Brokers in Toronto may have cause for optimism as one new study suggests the city’s condo housing boom is making up for a shortage, rather than creating a surplus.
Brokers in Toronto may have cause for optimism as one new study suggests the city’s condo housing boom is making up for a shortage, rather than creating a surplus.
“CMHC forecasts that the vacancy rate for Toronto CMA will be 1.5 per cent in 2013 and 1.7 per cent in 2014, similar to the rate of 1.7 per cent for October 2012,” Will Dunning, chief economist for CAAMP said in his most recent study, sponsored by Royal LePage. “I would argue that the expectation of continued tightness in the vacancy rate is a further indication that supplies of new condominiums are filling a shortage from the past, rather than creating a surplus.”
And to rectify this, Dunning argues, the Toronto area requires a number of condo units in excess of the current demographic needs.
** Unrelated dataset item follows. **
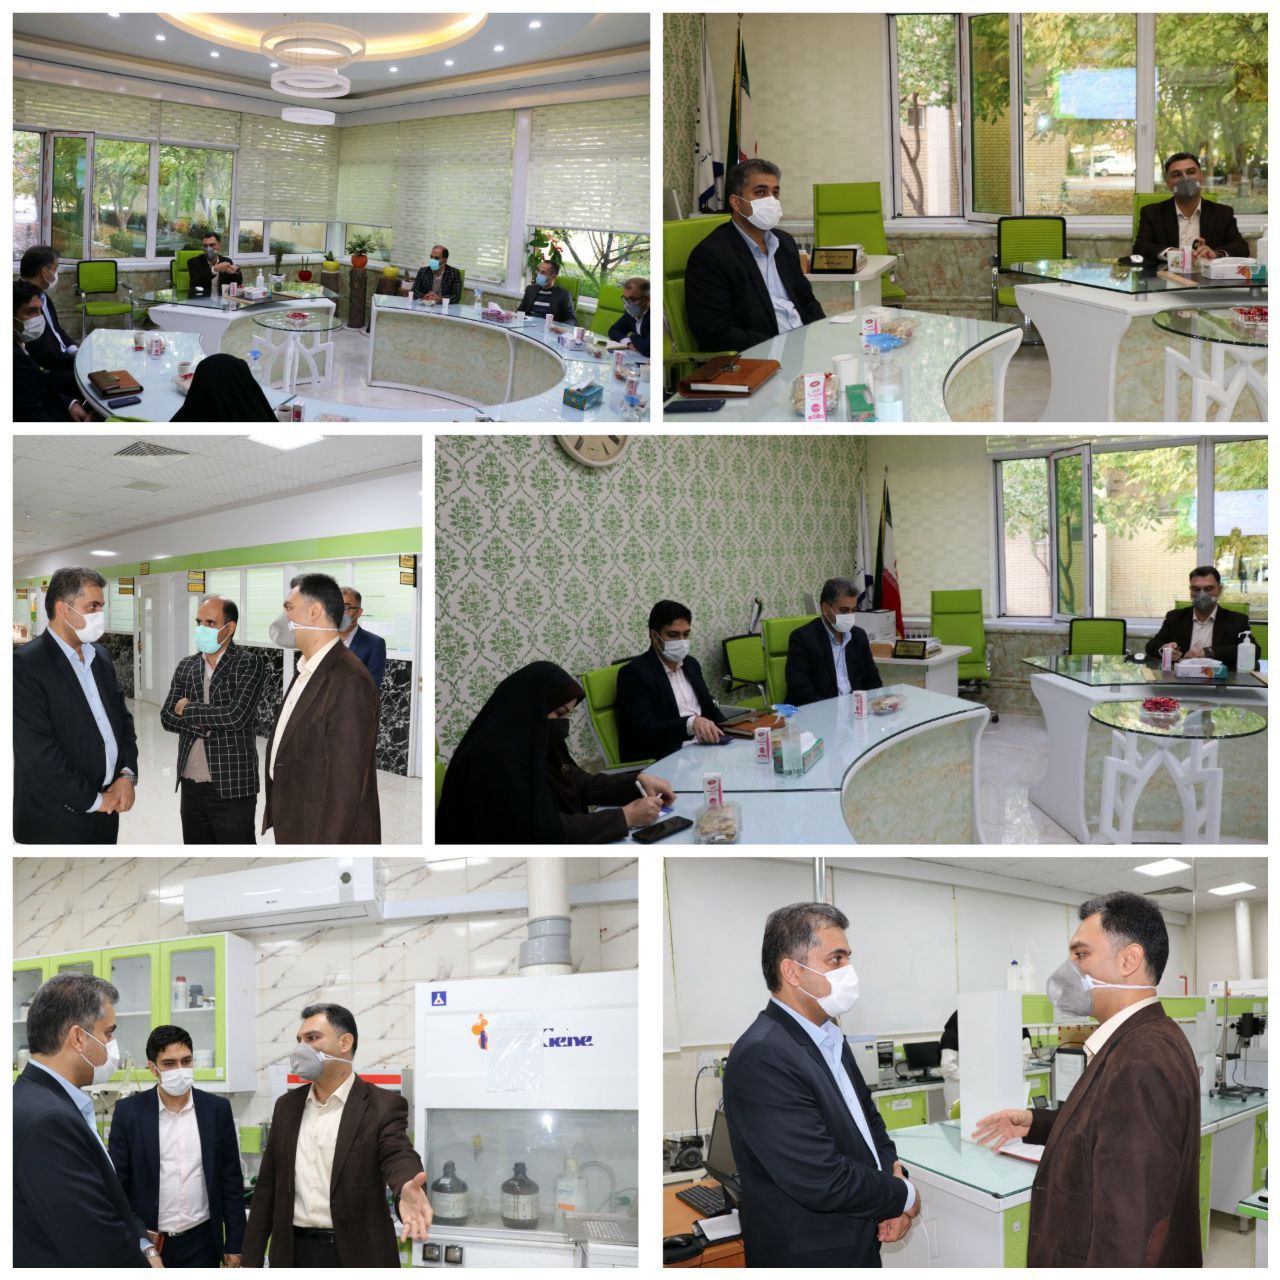 ماموریت اصلی پارک علم و فناوری کرمانشاه توسعه منطقه ای مبتنی بر فناوری است

“Two datasets (on periods of construction of condominiums and vacancy rates) suggest (but do not prove) that there has been some under-production of condominiums during the past two decades,” Dunning said. “So, we can see an important underlying cause for the expansion of condominium construction during the past few years: the evolving vacancy rate data indicates that the Toronto area is experiencing a worsening housing shortage; a period of production in excess of the demographic requirements is needed in order to restore balance between the supply and demand of housing.”
There are several factors that are currently influencing condo starts in Toronto, including job creation and historically low interest rates. And while Dunning believes Toronto’s housing market could support a glut of new condominium buildings, he believes starts will slow in the near future.
“Looking forward, we can expect that condominium activity will slow. In part, this will be due to the rise in mortgage interest rates that occurred during the late spring,” he said. “Condominium activity will also be influenced by the policy change that was made by the federal government, during the summer of 2012, which eliminated mortgage insurance for mortgages that have amortization periods longer than 25 years.”
If his analysis proves to be correct – and there will surely be those who disagree – the nation’s number one housing market may be healthier than previously thought.